On June 29, 1992, four years after the testator's death, it was Maria Pilar Ruiz Montes
who filed a petition for the probate and approval of Hilario Ruiz's will and for the
issuance of letters testamentary to Edmond. Surprisingly, Edmond opposed the petition
on the ground that the will was executed under undue influence. On November 2, 1992,
one of the properties of the estate - the house and lot at No. 2 Oliva Street, Valle Verde
IV, Pasig which the testator bequeathed to Maria Cathryn, Candice Albertine and Maria
Angeline was leased out by Edmond Ruiz to third persons. On January 19, 1993, the
probate court ordered Edmond to deposit with the Branch Clerk of Court the rental
deposit and payments totaling P540,000.00 representing the one-year lease of the Valle
Verde property. In compliance, Edmond turned over the amount of P348,583.56,
representing the balance of the rent after deducting P191,416.14 for repair and
maintenance expenses on the estate. On May 14, 1993, Edmond withdrew his
opposition to the probate of the will. Consequently, the probate court, on May 18, 1993,
admitted the will to probate and ordered the issuance of letters testamentary to
Edmond. On July 28, 1993, petitioner Testate Estate of Hilario Ruiz, with Edmond Ruiz
as executor, filed a motion for the release of the rent payments deposited with the
Branch Clerk of Court. Respondent Montes opposed the motion and concurrently filed a
motion for the release of the said rent payments to Maria Cathryn, Candice Albertine,
and Maria Angeline and for the distribution of the testator's properties, specifically the
Valle Verde property and the Blue Ridge apartments, in accordance with the provisions
of the holographic will. On August 26, 1993, the probate court denied petitioner's motion
for release of funds but granted respondent Montes' motion in view of petitioner's lack of
opposition. It thus ordered the release of the rent payments to the decedent's three
granddaughters. It further ordered the delivery of the titles to, and possession of the
properties bequeathed to the three granddaughters and respondent Montes upon the
filing of a bond of P50,000.00.

Issue:
Whether the probate court erred in granting an allowance from the funds of the estate
for the support of the testator's grandchildren?

Ruling:
The Court ruled that, on the matter of allowance, Section 3 of Rule 83 of the Revised
Rules of Court is the clear provision of the law governing the said case.

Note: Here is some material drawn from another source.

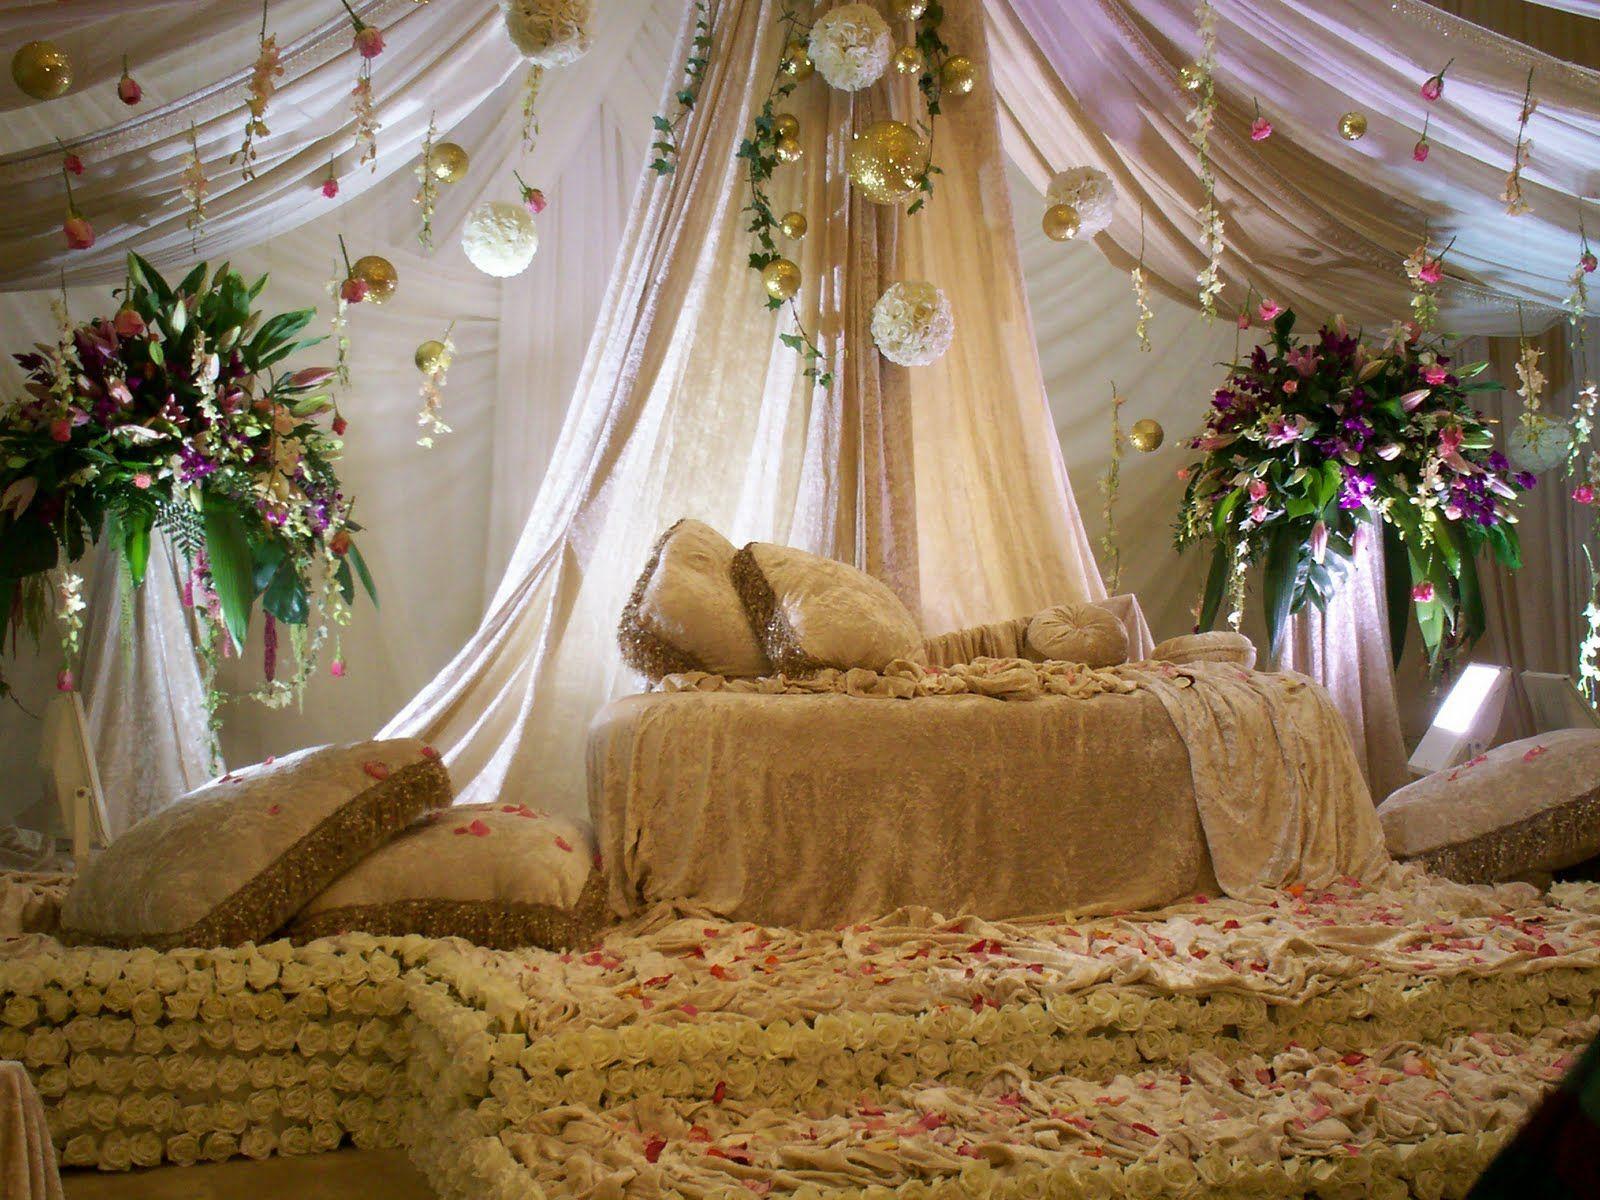 Arabic Wedding Stage Wedding Room Decorations Fun Wedding Decor Beautiful Wedding Decorations

Sec. 3. Allowance to widow and family. — The widow and minor or incapacitated
children of a deceased person, during the settlement of the estate, shall receive
therefrom under the direction of the court, such allowance as provided by law. In this
case, the law is rooted on the fact that the right and duty to support, especially the right
to education, subsist even beyond the age of majority. Be that as it may, grandchildren
are not entitled to provisional support from the funds of the decedent's estate. The law
clearly limits the allowance to "widow and children" and does not extend it to the
deceased's grandchildren, regardless of their minority or incapacity. It was error,
therefore, for the appellate court to sustain the probate court's order granting an
allowance to the grandchildren of the testator pending settlement of his estate.